Typically, projectors are designed and used to display images onto a planar, uniformly white, and static screen in a dark environment. Due to this fact, current projectors are not suitable for most projection mapping scenarios. Particularly, the dynamic range, frame-rate, latency, and depth-of-field (DOF) limit their applicability. These technical limitations of the projector hardware make it difficult to display desired appearances in the wanted visual quality even when the computational algorithms are applied. Researchers have applied the emerging “computational imaging and display” approach, which is a joint design of display hardware, optics and computational algorithms to overcome the limitations [26].

This invited talk summarizes the recent advances of projection mapping hardware solutions to display desired appearances onto non-optimized real surfaces in an enhanced visual quality. The following sections introduce computational display solutions to overcome the mentioned technical limitations and to achieve high dynamic range, high speed, and wide DOF projections. In addition, some works on an emerging technical issue in the projection mapping research, dynamic projection mapping, are introduced in the last part of the paper. Note that this article is written by reorganizing a previously published state-of-the-art report paper by the same author [13] for an invited talk at the IAPR Computational Color Imaging Worksop (CCIW) 2019. Therefore, some texts of this article are overlapped with the previous one.

2 High Dynamic Range Projection

The dynamic range or contrast of a projection display is defined as the ratio of the maximum to minimum luminance. The range of luminance values in the real world is extremely wide, from an outdoor scene in sunshine to an indoor scene under a candle light. Consequently, a high dynamic range (HDR) representation would be required to realistically render and display both natural and computer generated images. However, current projectors, except for laser-based devices, can support only a significantly limited dynamic range; i.e., a simultaneous in-scene contrast is typically limited to the range of between 1,000:1 and 6,000:1 [10]. Note that this section discusses the simultaneous dynamic range that is achieved without additional mechanical adjustments, such as auto-iris aperture control, which globally brightens or darkens all the pixels in a projection image and does not change the contrast within a single image. Theoretically, laser projectors are able to achieve extremely high dynamic range representations since they can be completely turn off the laser beam when displaying black pixels. Therefore, a laser projector would be one of the best choices in normal projector usage scenarios such as a theater. On the other hand, due to an eye safe issue, it is not practical in SAR or projection mapping applications where user’s eyes might be located between a projector and the augmented object. Several other solutions have been presented to overcome the contrast limitations. They can mainly be subdivided into methods trying to achieve that goal by reducing the black-level and hardware which locally amplifies the amount of photons. We will discuss them in the following paragraphs.
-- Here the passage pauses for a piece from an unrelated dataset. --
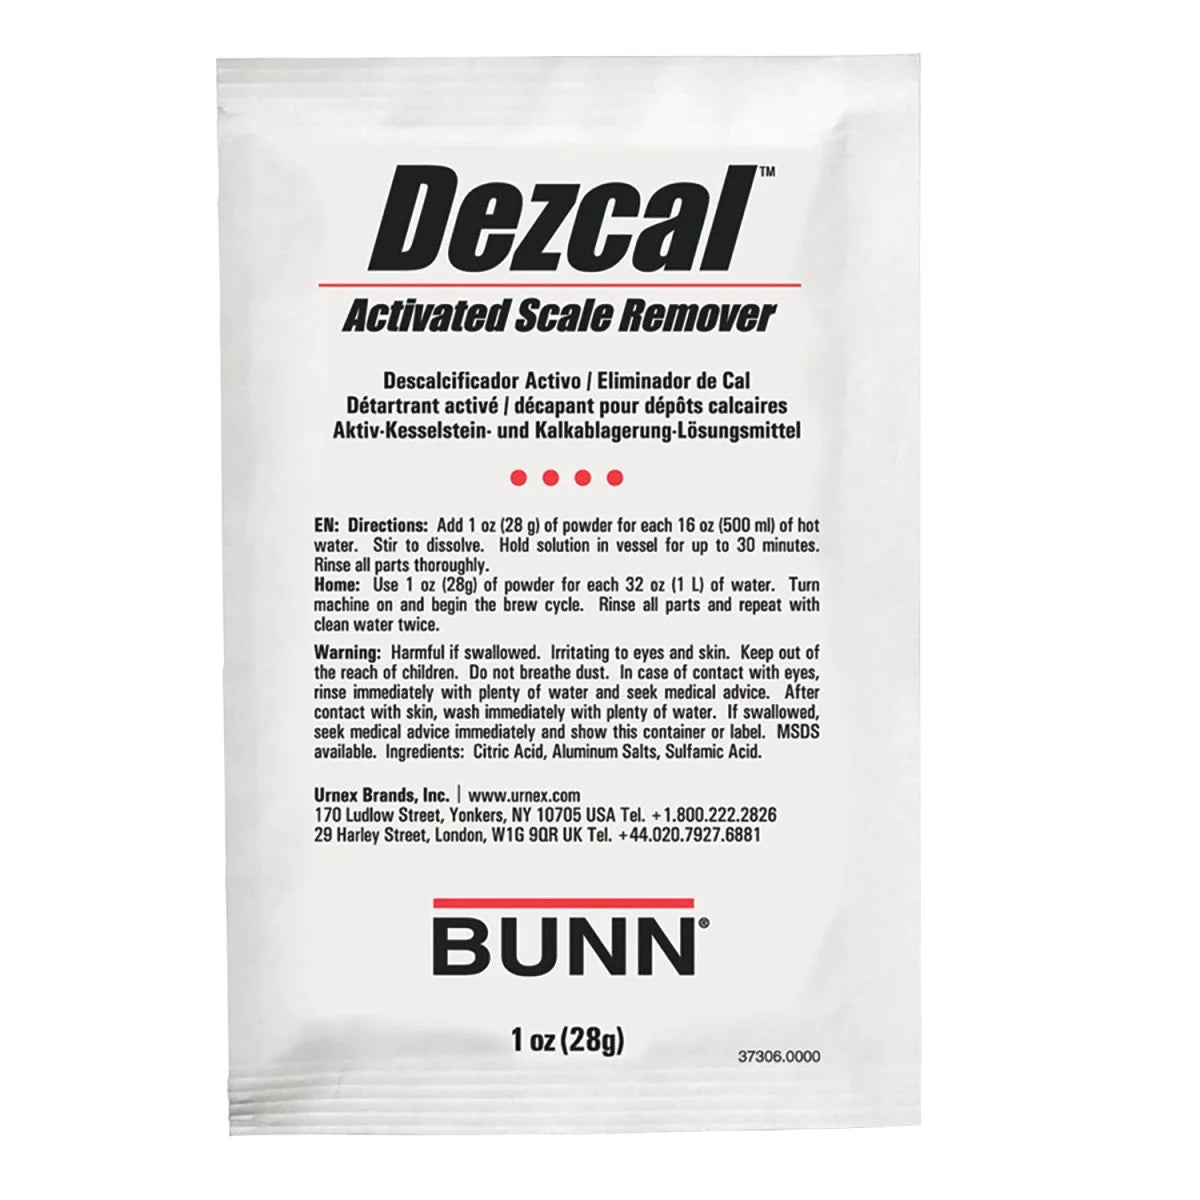 BUNN Coffee Maker Descaler Dezcal made by URNEX | 4 x 1 oz packets | 37306.0001
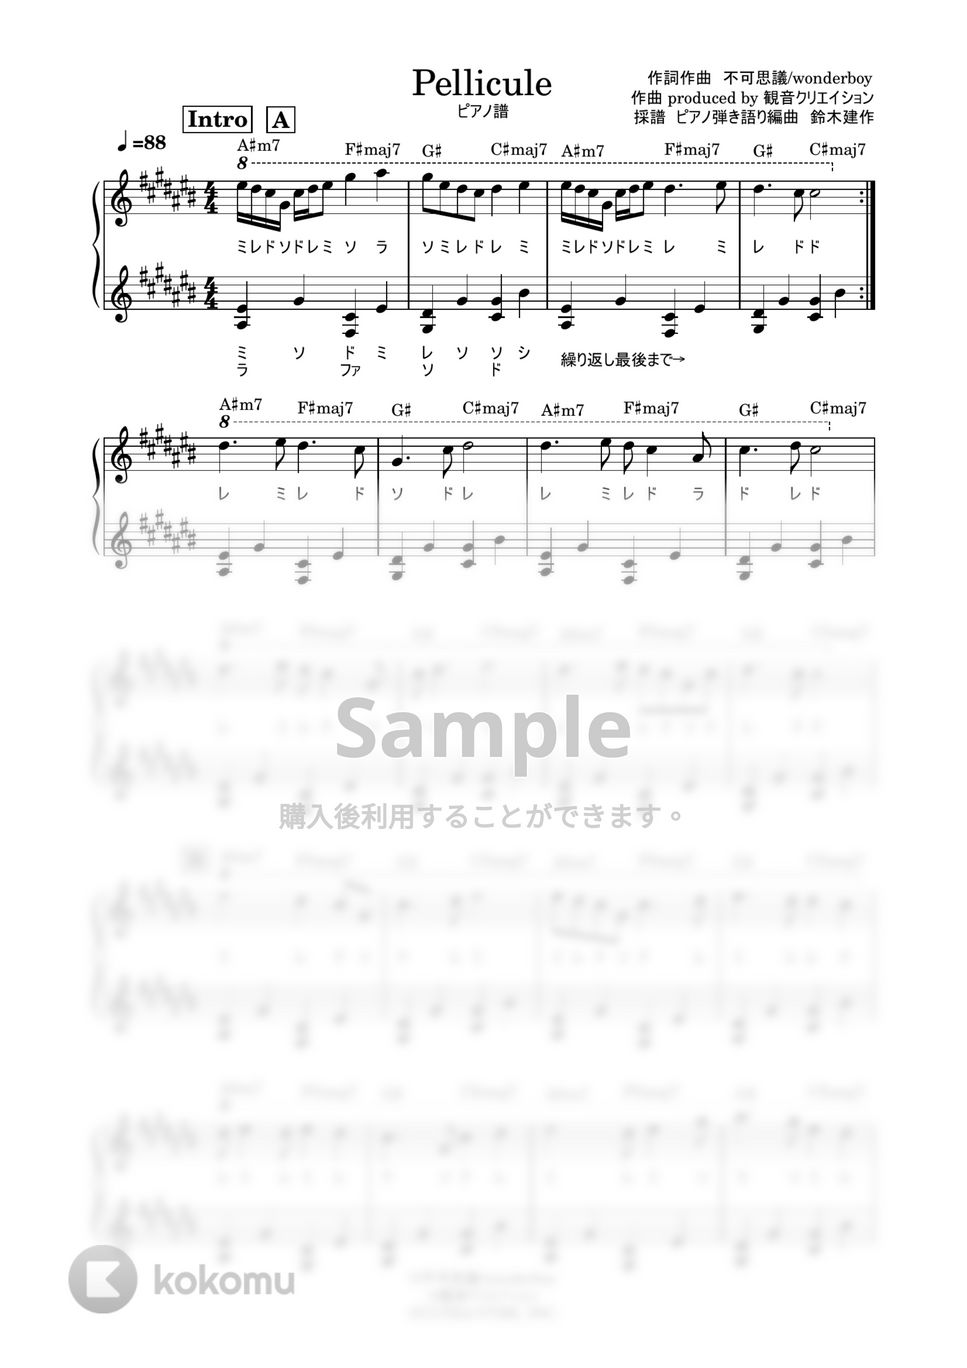 不可思議/wonderboy - Pellicule (ドレミ付ピアノ譜) by 鈴木建作

HDR projection has been achieved by applying the double modulation principle, by which the emission of a light source is spatially modulated twice at cascaded light blocking spatial light modulators (SLMs), e.g., a digital micromirror device (DMD) or a liquid crystal display (LCD), to reduce the luminance of dark pixels (or black level) while maintaining those of bright pixels. Researchers proposed several double modulation methods so far such as applying two LCD panels, and these successfully increased the dynamic range of a projected image by significantly lowering the black level luminance which is perceived when displaying zero intensity values (for more details, see a state-of-the-art report [8]). Recent works applied dual LCoS (Liquid crystal on silicon) designs [14, 16].

Even when an ideal projector with infinite dynamic range is applied, environmental light and/or global illumination effects such as inter-reflection increases the reflected black level which consequently decreases the dynamic range of the projection. In particular, it is natural to assume that many projection mapping applications are run with a small amount of environment light contribution and non-flat, concave surfaces might be used as projection targets. Therefore, increasing the dynamic range of a projector is not sufficient, but the whole projection system including the surface must be optimized. To this end, researchers have proposed to spatially modulate the reflectance pattern of a projection surface to suppress the elevation of black level [7, 18, 19, 38]. More specifically, the luminance of a projected light is theoretically computed as the multiplication of the reflectance of a surface and the incident light illuminance. Therefore, it is possible to avoid undesirable black level elevation by decreasing the reflectance at a place where dark image should be displayed.

Fig. 1.
figure 1

Experimental results of 3D HDR projection based on reflectance modulation using a full-color 3D printer [38].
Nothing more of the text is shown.